This is not a HO.This is a contractors work. TRUST me if it was a HO I would have Priced it high. But it a new client. This is my 2nd job with him. Priced out my next job off a print today. This time iam going to get my rocker to hang it.


----------



## Brockster (Aug 24, 2007)

It looks like a framer hung that mess and of course they think they did a great job!  Time is money so double your normal bid for the job. 

Most times when I encounter a HO hang job I just say I'll get back to them with a price.:no: If they call back two times I know they will pay the price for their mess...


----------



## Drywall1 (Dec 12, 2005)

Brockster said:


> It looks like a framer hung that mess and of course they think they did a great job!  Time is money so double your normal bid for the job.
> 
> Most times when I encounter a HO hang job I just say I'll get back to them with a price.:no: If they call back two times I know they will pay the price for their mess...


Hey! Thats my trick! Works very well. Esp. for yellow page calls.


----------



## MudDobber (Oct 8, 2007)

Most guys shy away from these abortion cases, I love a challenge. We specialize in these kinds of things. A few bags of hotmud and a tub of Gypsum accelerator will get this smoothed out. Add a few C notes for supplies and labor, but the stuff dries in 5-10 minutes. Maybe a few more. It can be "rubbed out" and hit with regular joint compound within an hour. All in a days work. 
BTW...The radio is THE most important tool !!


----------



## rock-it man (May 2, 2007)

The guy who priced high, doesnt want it. The guy who priced low either missed something, or doesnt know what hes doing. your stuck in the middle.


----------



## A W Smith (Oct 14, 2007)

Wow. looks like he made mistakes and just moved the board up or cut off the error and pieced next to it. I used to tape for a contractor in Manalapan who specialized in basements mostly.
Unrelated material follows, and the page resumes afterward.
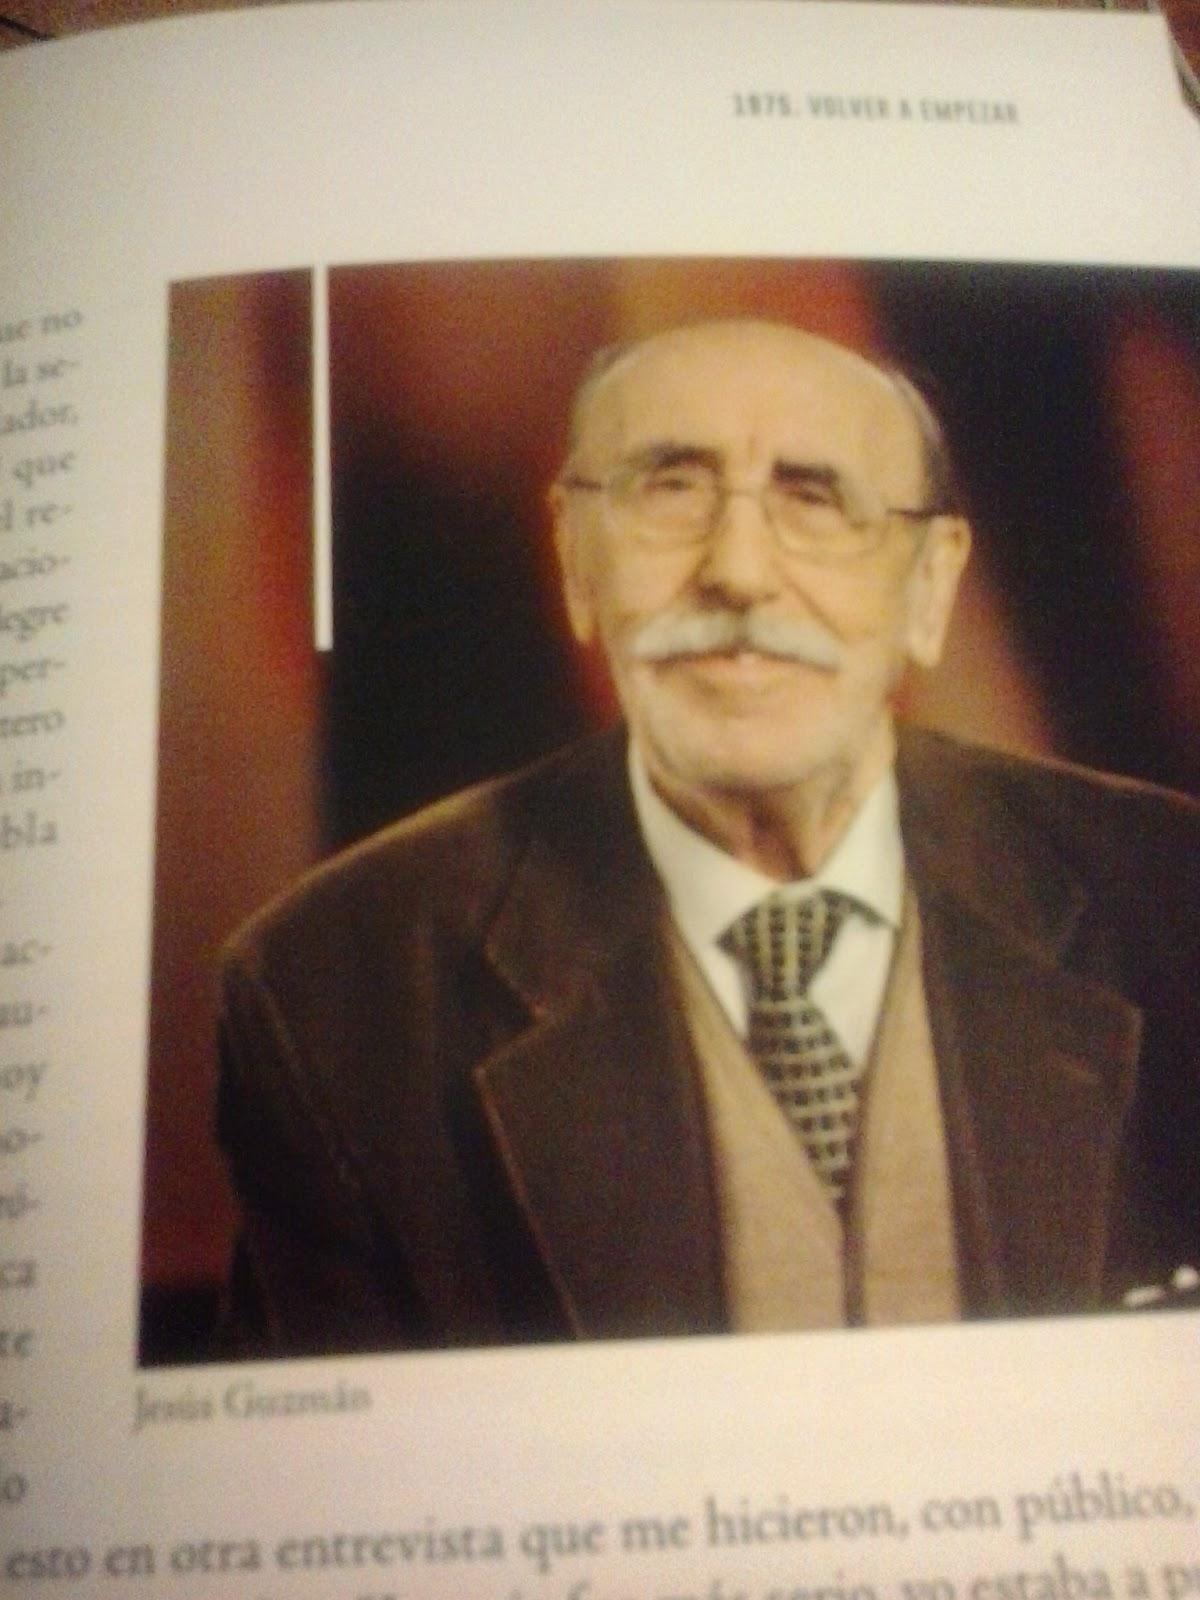 El actor Jesús Guzmán recuerda al cartero de Crónicas de un pueblo en España en serie

Lots of proud screws, Inside corner gaps i had to flat tape to meet the corner so I could corner tape it. Corner bead either flared out 3/8 of an inch or twisted. He tried using a bead crimper with poor results. loose boards, And the worst part? All his jobs he would trim before the tape job was started to get his second to last payment.. So i would have to tape up to the trim. All his boards were 8 footers and came from a home center, I could tell because of the three brown spray paint stripes used as a crude UPC (Rickel home centers) Defiantly a challenge.


----------



## Al Taper (Jul 10, 2007)

Here is the finish pictures:


----------



## Frankawitz (Jun 17, 2006)

Hey Al you should have charged for a base coat and skim coat of that room. Those seams are real nice. HO would have been paying 1800 to clean his mess up:whistling You did a nice clean up on that room:thumbsup:


----------



## localtradesman (Oct 27, 2007)

*Come ON !!!!!!!!!!!*

Charge what it will take to do the job. If you know the business you know how long a room like this will take. No matter how you slice it. This will not take you more than a day to next coat it for sure. What are you doing the rest of the day?? If nothing is going on....show them how good you are!!! Big deal....a few more butts.....get real!!! Just do it!!! By the time you talk about it....you can have it done!!! Thats why they call me for this stuff all the time.


----------



## 3Dinteriors (Oct 8, 2007)

You're breaking in your New client the wrong way, you've already done it once. now you're doing it a second time. If you havent already warned him that you'll have to add $$ to the bill for extra time spend then its most likely to late. All future jobs from this guy are going to be by the standart you now set


----------



## Rockhound (Jul 12, 2007)

wow were they laid off from Milton Bradley? I've seen 5000 piece puzzles look cleaner!


----------



## Mud Master (Feb 26, 2007)

DAMN Donald!!

Crazy place to find you here...Thought ya fell off the face of the earth for awhile!!


----------



## theblones (Dec 14, 2007)

best to tell this tight fisted bloke the way it is, he has f'''kd the boarding up so he wants you to take responsibility to get the walls perfect. It costs wat it costs and if he dont accept let some other guy finish it, he wont be any better off because the guy wants it cheap. 
I wont work for people like that cos they pester you to gbet the job done then make it difficult when youre there they never 100 % ready. then will complain to anyone who will listen when the job dont look great. And all you did was your best and you wish you never got involved.


----------



## Al Taper (Jul 10, 2007)

Thanks guy ..

What i did was just bid out the whole job ,hang the rock and finish it.I told him it was cheaper,and it will get done faster.:thumbup:


----------



## BetterCallPaul (11 mo ago)

I believe too many subs don't see the complete picture. Many have never had to follow their own work. As far as HO’s go, having a little knowledge is dangerous. Some people are very capable when it comes to connecting the dots and/or seeing the complete picture ( ie next several steps) most of these types of people are already successful contractor entrepreneurs in my opinion. Any time I have had to follow a HO’s work, my first inclination is to rip it all down and do it over. The worst ones are the (“ru


----------



## avenge (Sep 25, 2008)

BetterCallPaul said:


> I believe too many subs don't see the complete picture. Many have never had to follow their own work. As far as HO’s go, having a little knowledge is dangerous. Some people are very capable when it comes to connecting the dots and/or seeing the complete picture ( ie next several steps) most of these types of people are already successful contractor entrepreneurs in my opinion. Any time I have had to follow a HO’s work, my first inclination is to rip it all down and do it over. The worst ones are the (“ru


"BetterCallPaul" but he'll show up 15 years late.


----------